Templin                  Expires March 17, 2008                 [Page 8]


Internet-Draft            PLPMTUD  for Tunnels            September 2007


6.3.3.  Data, Probe Request, and Probe Solicitation Format

   The TE uses the following packet format for data, probe request, and
   probe solicitation packets (types 0 through 2):
                          +---------------------------------+
                          |           Outer IPv4            |
                          |        Header w/'IPv4Id'        |
                          +---------------------------------+
                          |            * Headers            |
                          |                                 |
   +-------------+        +---------------------------------+
   |   Inner IP  |        |             Inner IP            |
   ~   packet    ~  ===>  ~             packet              ~
   |             |        |                                 |     T
   +-------------+        +---------------------------------+ -\  r
    Inner Packet          |                                 |  |  a
                          ~           Zero Padding          ~  |  i
                          |                                 |   > l
                          +---------------------------------+  |  e
                          |   Footer (see: Section 6.3.1)   |  |  r
                          +---------------------------------+ -/  s
                              Outer Packet with Trailers

       Figure 3: Data, Probe Request, and Probe Solicitation Format

6.3.4.  Probe Reply Format

   The TE uses the following encapsulation format for all probe reply
   packets (type 3):






















Templin                  Expires March 17, 2008                 [Page 9]

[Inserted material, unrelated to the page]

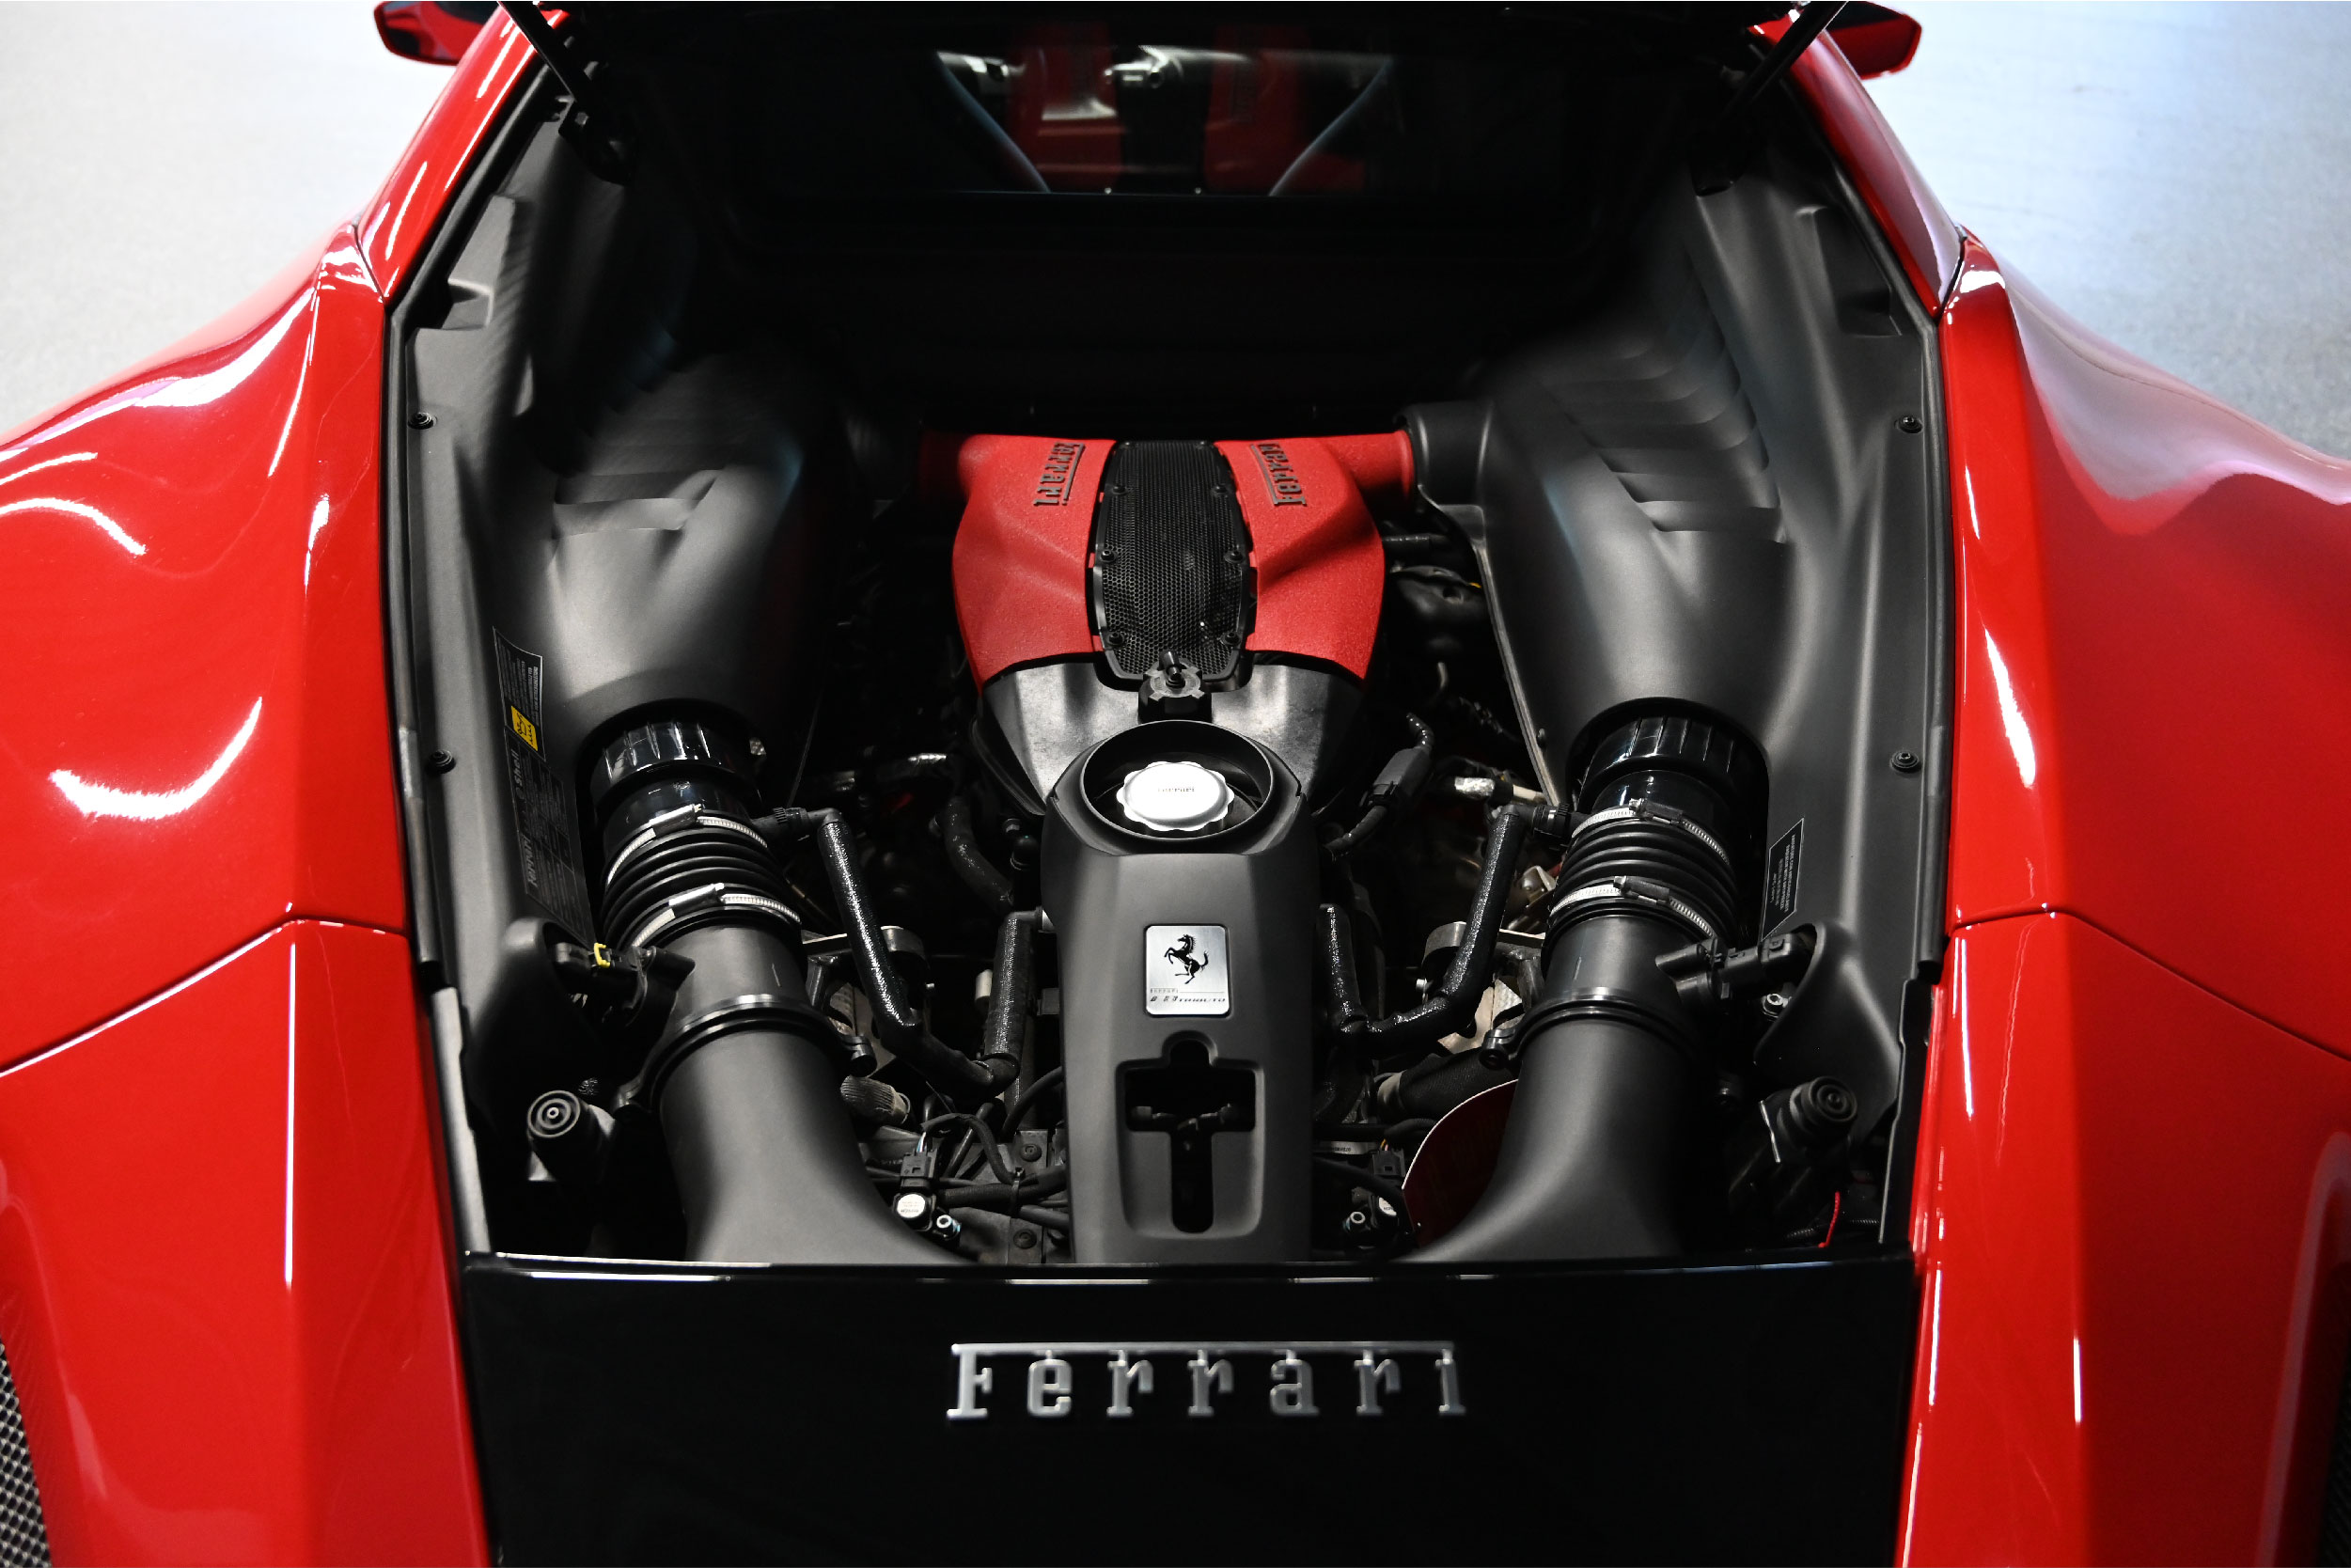 Mariani Motors Ferrari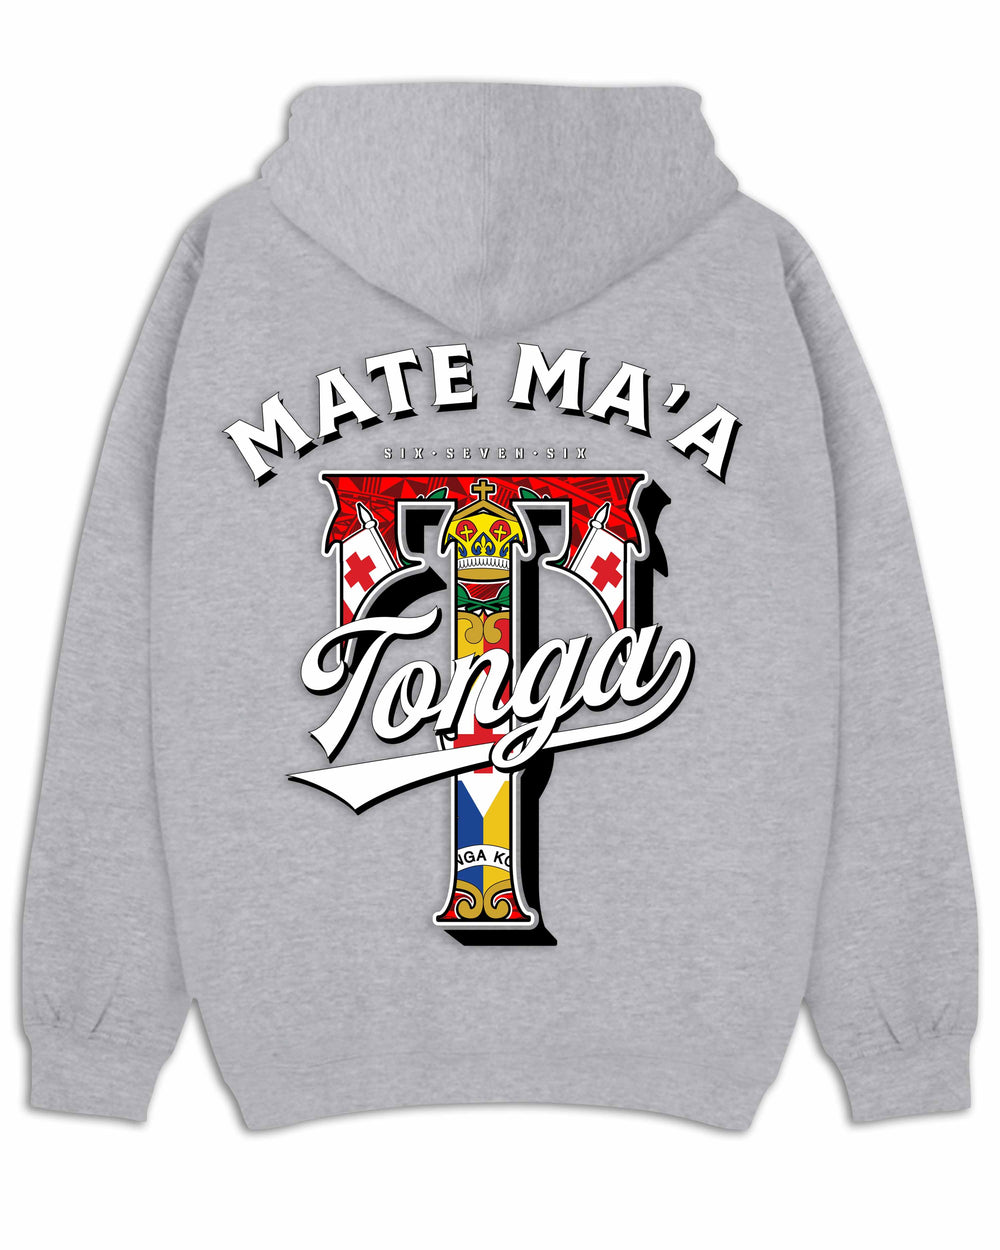 Red Mate Ma'a Tonga Grey Hood

Internet-Draft            PLPMTUD  for Tunnels            September 2007


                          +--------------------------------+
                          |           Outer IPv4           |
                          |        Header w/'IPv4Id'       |
                          +--------------------------------+
                          |           * Headers            |
                          |                                |
   +-------------+        +--------------------------------+
   |   inner IP  |        |            inner IP            |
   ~    echo    ~  ===>  ~              echo               ~
   |    reply    |        |             reply              |
   +-------------+        +--------------------------------+ -\
   Inner Reply            |                                |  |
                          ~           Zero Padding         ~  |
                          |                                |  |
                          |               +----------------+  |  T
                          |               |     YourPort   |  |  r
                          +---------------+----------------+  |  a
                          |            YourAddr            |   > i
                          +--------------------------------+  |  l
                          |            ReassTime           |  |  e
                          +--------------------------------+  |  r
                          |            MaxPktSize          |  |  s
                          +--------------------------------+  |
                          |   Footer (see: Section 6.3.1)  |  |
                          +--------------------------------+ -/
                              Outer Reply with Trailers

                       Figure 4: Probe Reply Format

   where the following 14-byte "control block" information is included
   immediately following the padding and immediately before the trailing
   footer:

      YourPort (16 bits) - 1's complement of the observed port number of
      the TFE, or zero.

      YourAddr (32 bits) - 1's complement of the observed IPv4 address
      of the TFE, or zero.

      ReassTime (32 bits) - non-zero value between 1 - (2^32-1) in 4usec
      increments.

      MaxPktSize (32 bits) - non-zero value between 576 - (2^32-1) in 1
      byte increments.







Templin                  Expires March 17, 2008                [Page 10]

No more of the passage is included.